To change column names, the easiest way is this:

In [None]:
# create a dictionary where key is the old name and value is the new name
columnMap = {"mvp" : "most_valuable_player", "winner_tie" : "winner"}

# then use the .rename() function
bowlData = bowlData.rename(columns = columnMap, errors = "raise")

bowlData

## Handling Missing Values

Sometimes we need to assess how much of our data is missing to make sure any statistics we apply to the data are robust. 

Sometimes having the missing data value (NaN) in our data is beneficial. Many functions will simply ignore missing data or propagate missing data values. For example, if we were to add one data value to another and the values were NaN + 5, the result would be NaN. This is often desirable.

But in some cases, like for various machine learning techniques, we may need to ensure that there are no missing data values present in our data at all.
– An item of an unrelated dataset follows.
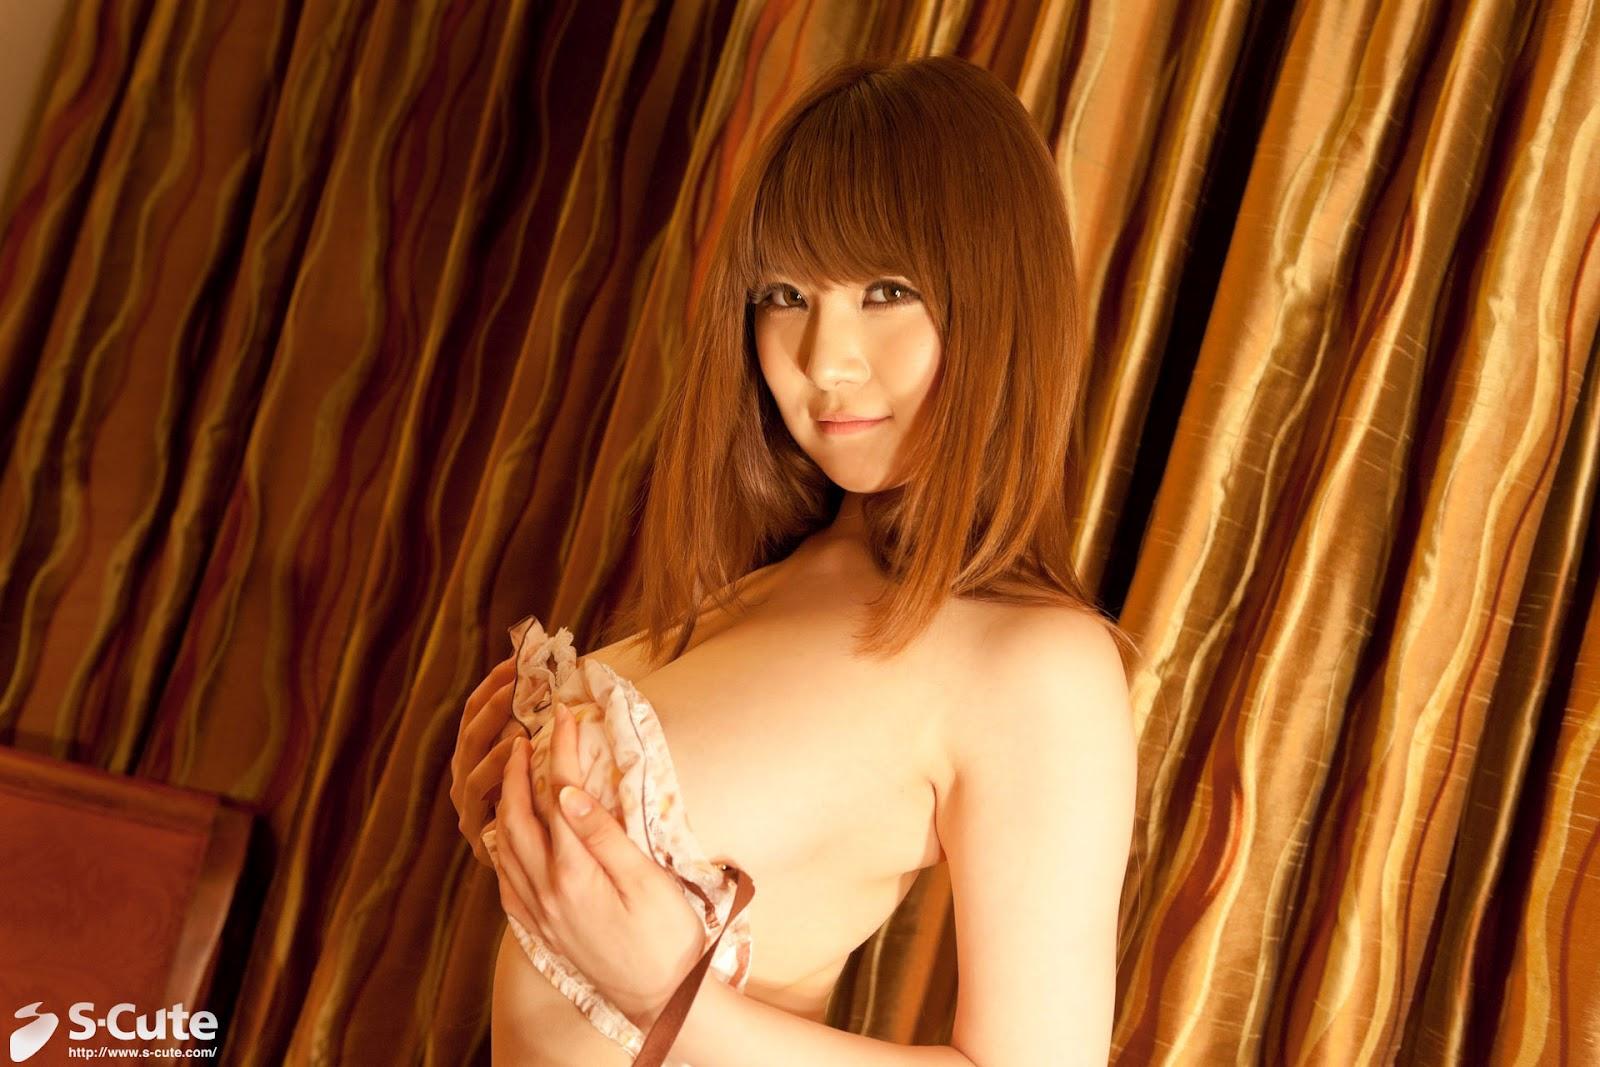 S-Cute Momoka Nishina

In this case we may need to fill the missing data values with a different number or drop rows with missing data from our DataFrame entirely.

Let's look at the Pandas functions that can help us with missing data.

In [None]:
# show how many missing values are present in each column
bowlData.isna().sum()

In [None]:
# look at all the rows where winner_rank is missing
bowlData[bowlData['winner_rank'].isna()]

In [None]:
# replace all missing values with 0 
# notice we are making a copy of our data by saving the DataFrame to a new variable here
betterBowlData = bowlData.fillna(0)

# let's see if any missing values are still present - shouldn't be
betterBowlData.isna().sum()

Let's pause for a minute to think about what we just did. We filled all NaN with 0. Does that make sense? Does it make sense to have "winner_points" = 0 or "sponsor" = 0? We can see how filling NaN with another value may end up being confusing later. So think carefully if you really need to replace missing data values, or if filling with another value like 0 will work for your analysis. 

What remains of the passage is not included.